Reputation: 33391
I am writing a regular expression in PHP that will need to extract data from strings that look like:
Naujasis Salemas, Šiaurės Dakota
Jungtinės Valstijos (Centras, Šiaurės Dakota)
I would like to extract:
Naujasis Salemas
Centras
For the first case, I have written [^-]*(?=,)
, which works quite well. I would like to modify the expression so that if there are parenthesis ( and )
, it should search between those parenthesis and then extract everything before the comma.
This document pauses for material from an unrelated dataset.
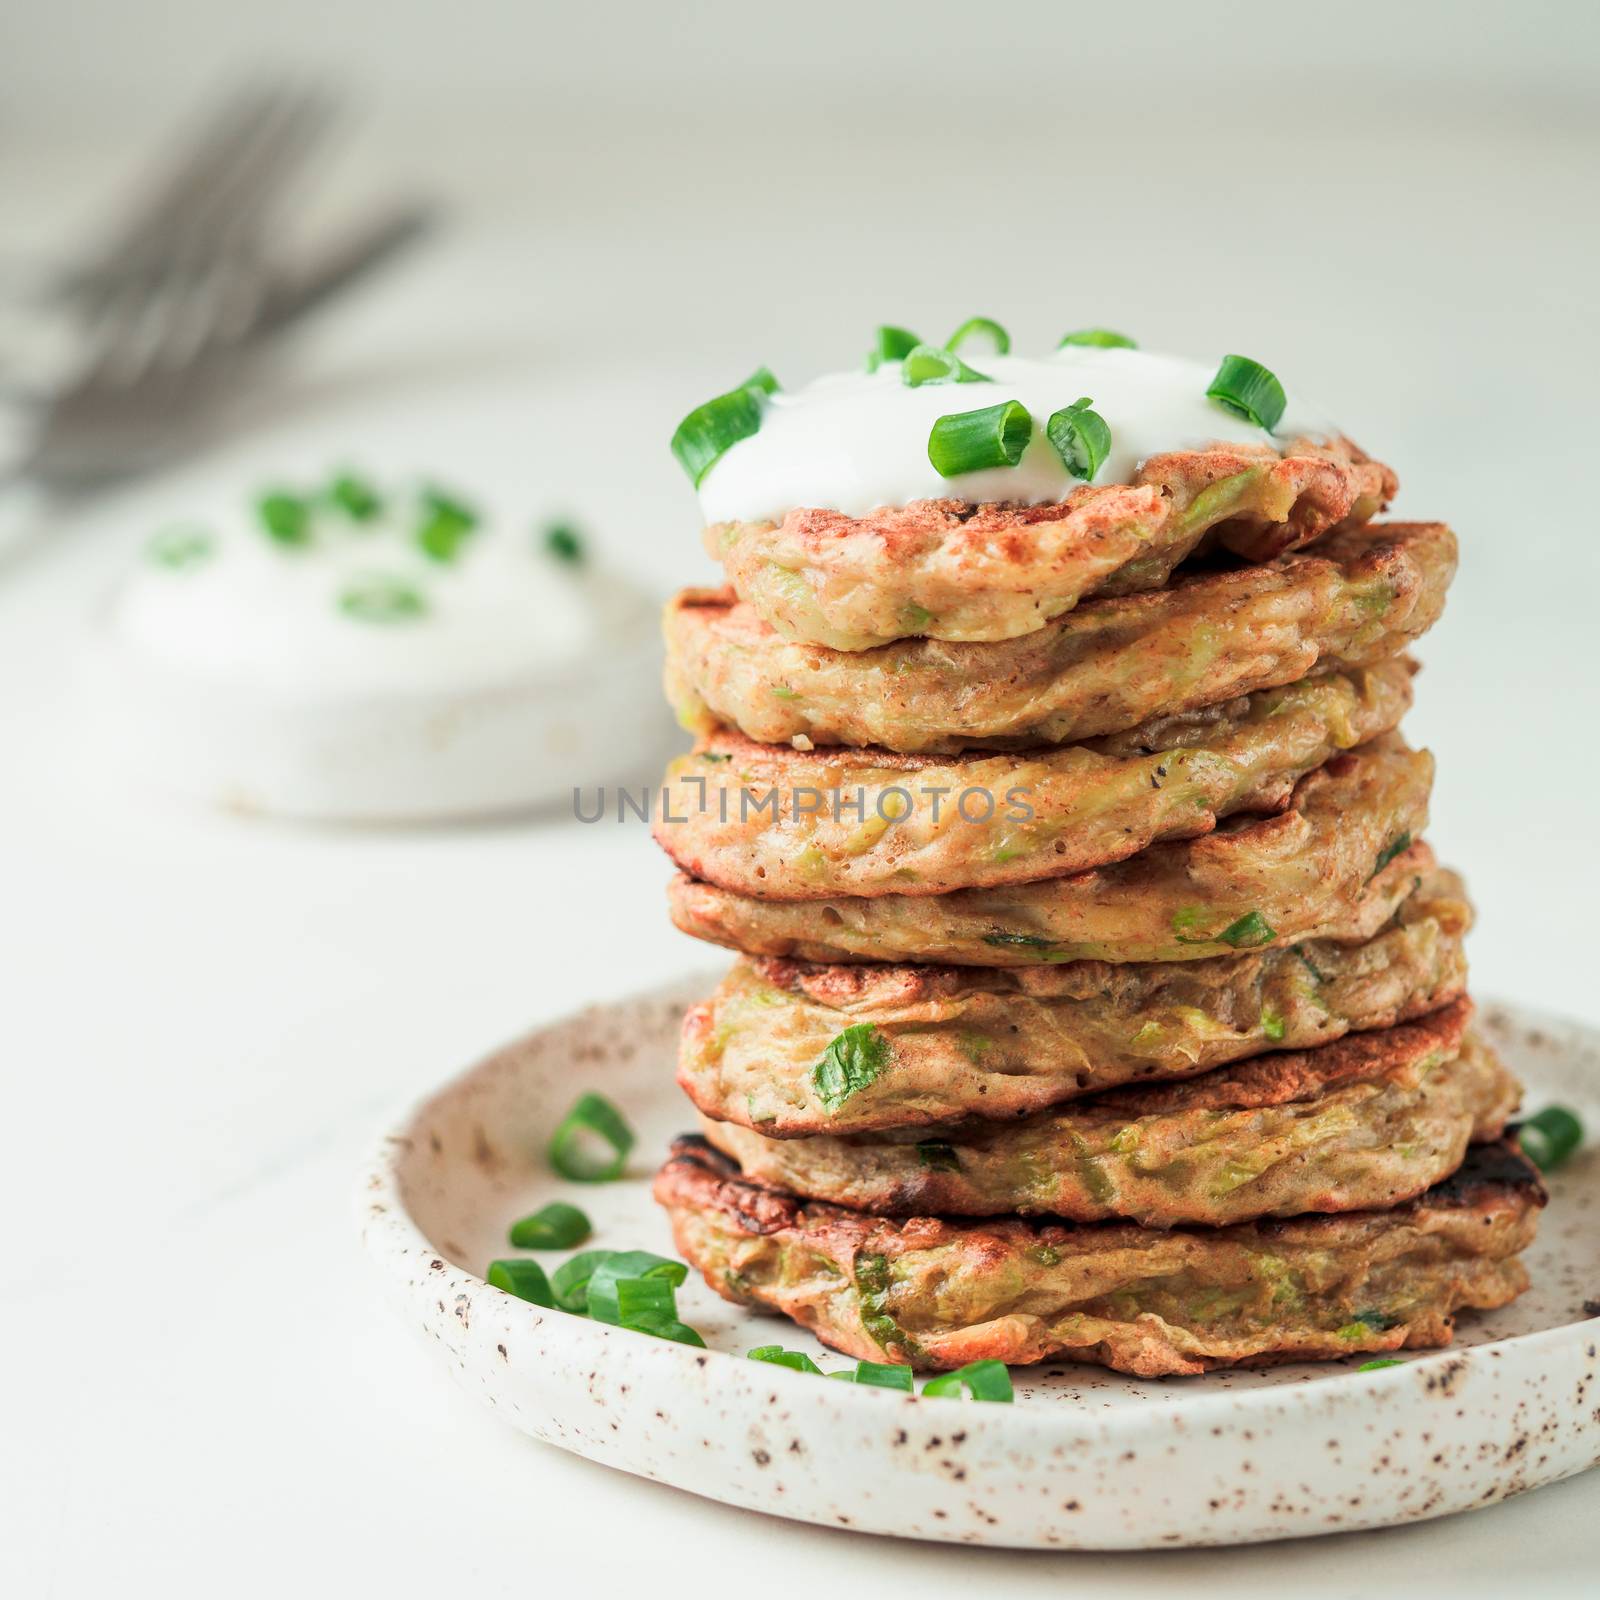 Zucchini fritters. Traditional zucchini fritters in stack on white background. Zucchini pancakes or fritters with green onion and parmesan cheese,served sour cream or greek yogurt. Copy space for text

Is it possible to do something like this with just 1 expression? If so, how can I make it search within parenthesis if they exist?
Upvotes: 0
Views: 410
Reputation:
A conditional might help you here:
$stra = 'Naujasis Salemas, Šiaurės Dakota';
$strb = 'Jungtinės Valstijos (Centras, Šiaurės Dakota)';
$regex = '
/^ # Anchor at start of string.
(?(?=.*\(.+,.*\)) # Condition to check for: presence of text in parenthesis.
.*\(([^,]+) # If condition matches, match inside parenthesis to first comma.
| ([^,]+) # Else match start of string to first comma.
)
/x
';
preg_match($regex, $stra, $matches) and print_r($matches);
/*
Array
(
[0] => Naujasis Salemas
[1] =>
[2] => Naujasis Salemas
)
*/
preg_match($regex, $strb, $matches) and print_r($matches);
/*
Array
(
[0] => Jungtinės Valstijos (Centras
[1] => Centras
)
*/
Note that the index in $matches
changes slightly above, but you might be able to work around that using named subpatterns.
Upvotes: 2
Reputation: 336128
You could use
[^(),]+(?=,)
That would match any text except commas or parentheses, followed by a comma.
Upvotes: 1
Reputation: 99909
I think this one could do it:
[^-(]+(?=,)
This is the same regex as your, but it doesn't allow a parenthesis in the matched string. It will still match on the first subject, and on the second it will match just after the opening parenthesis.